---- DATA SEGMENT

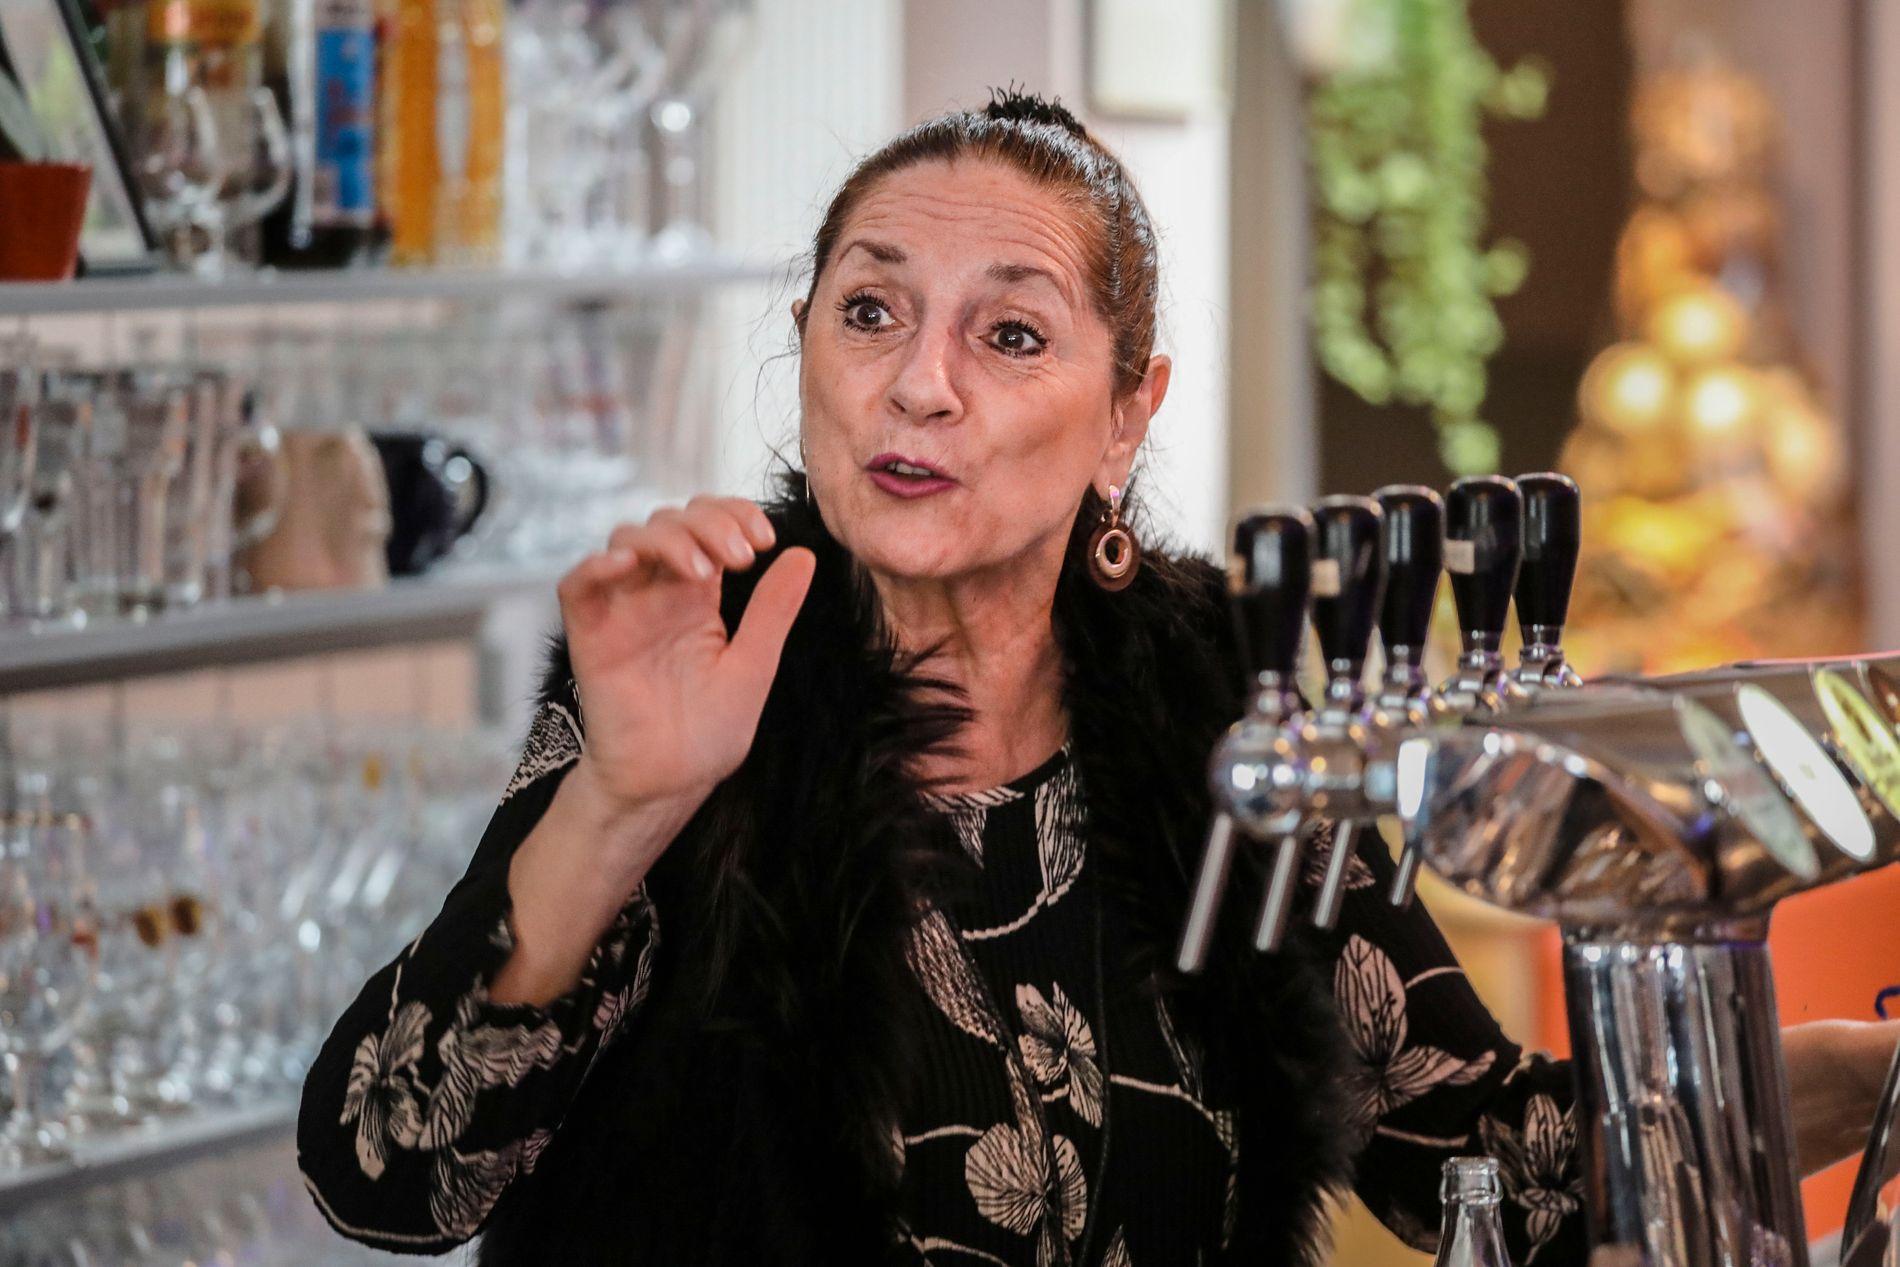 SJOKKERT: Anny Sangulin eier og driver baren Graaf van Egmont som ligger midt i en fasjonabel handlegate i den belgiske byen Mechelen.
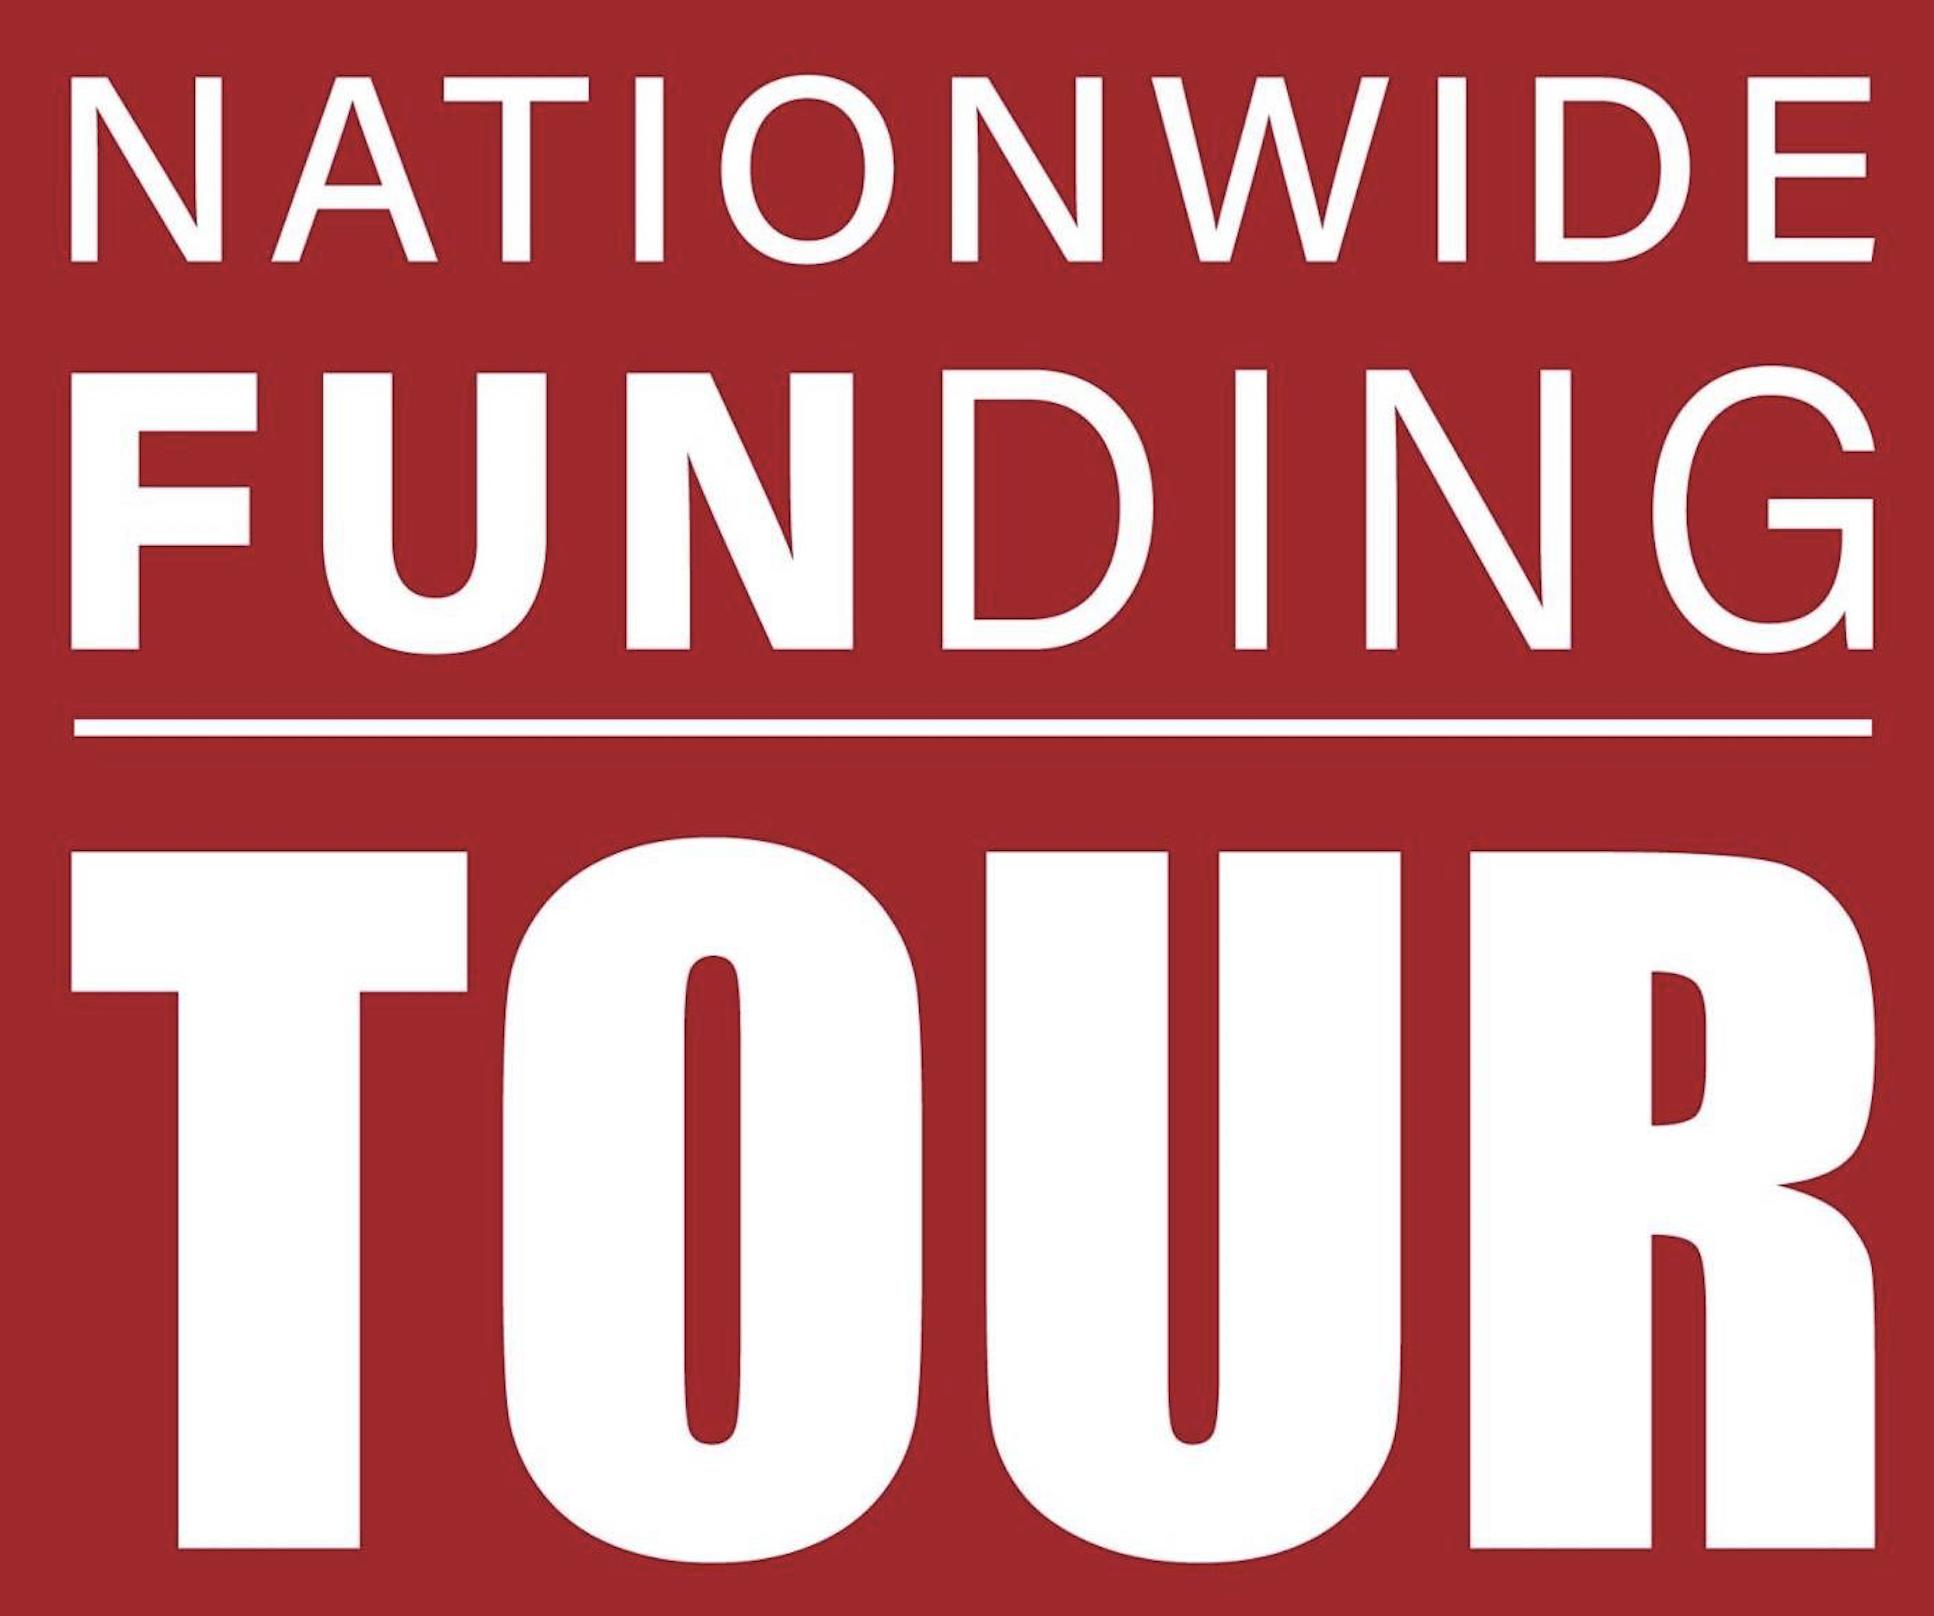 fundingtour.com
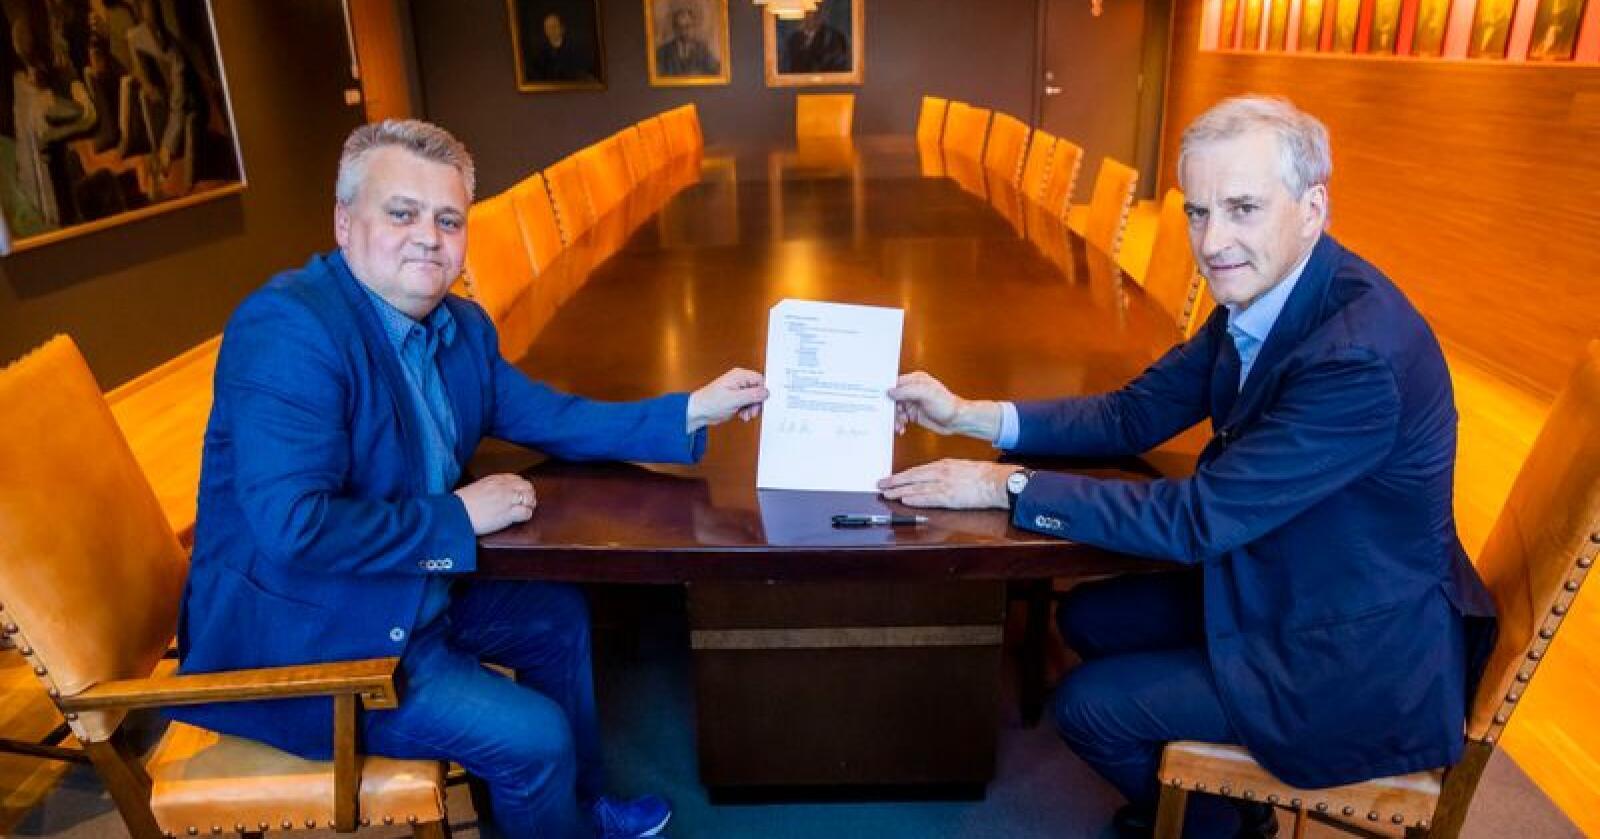 Fellesforbundets leder Jørn Eggum (t.v.) og Arbeiderpartiets leder Jonas Gahr Støre kan havne på kollisjonskurs om hvorvidt det er behov for å utrede EØS-avtalen eller ikke. Foto: Håkon Mosvold Larsen / NTB scanpix

--------

WORK ITEM - Take the line with "fundingtour.com" and each line after it through the end of the material above, and reproduce them exactly, both ends included, without pictures.

RESPONSE BOX -
 fundingtour.com
 Fellesforbundets leder Jørn Eggum (t.v.) og Arbeiderpartiets leder Jonas Gahr Støre kan havne på kollisjonskurs om hvorvidt det er behov for å utrede EØS-avtalen eller ikke. Foto: Håkon Mosvold Larsen / NTB scanpix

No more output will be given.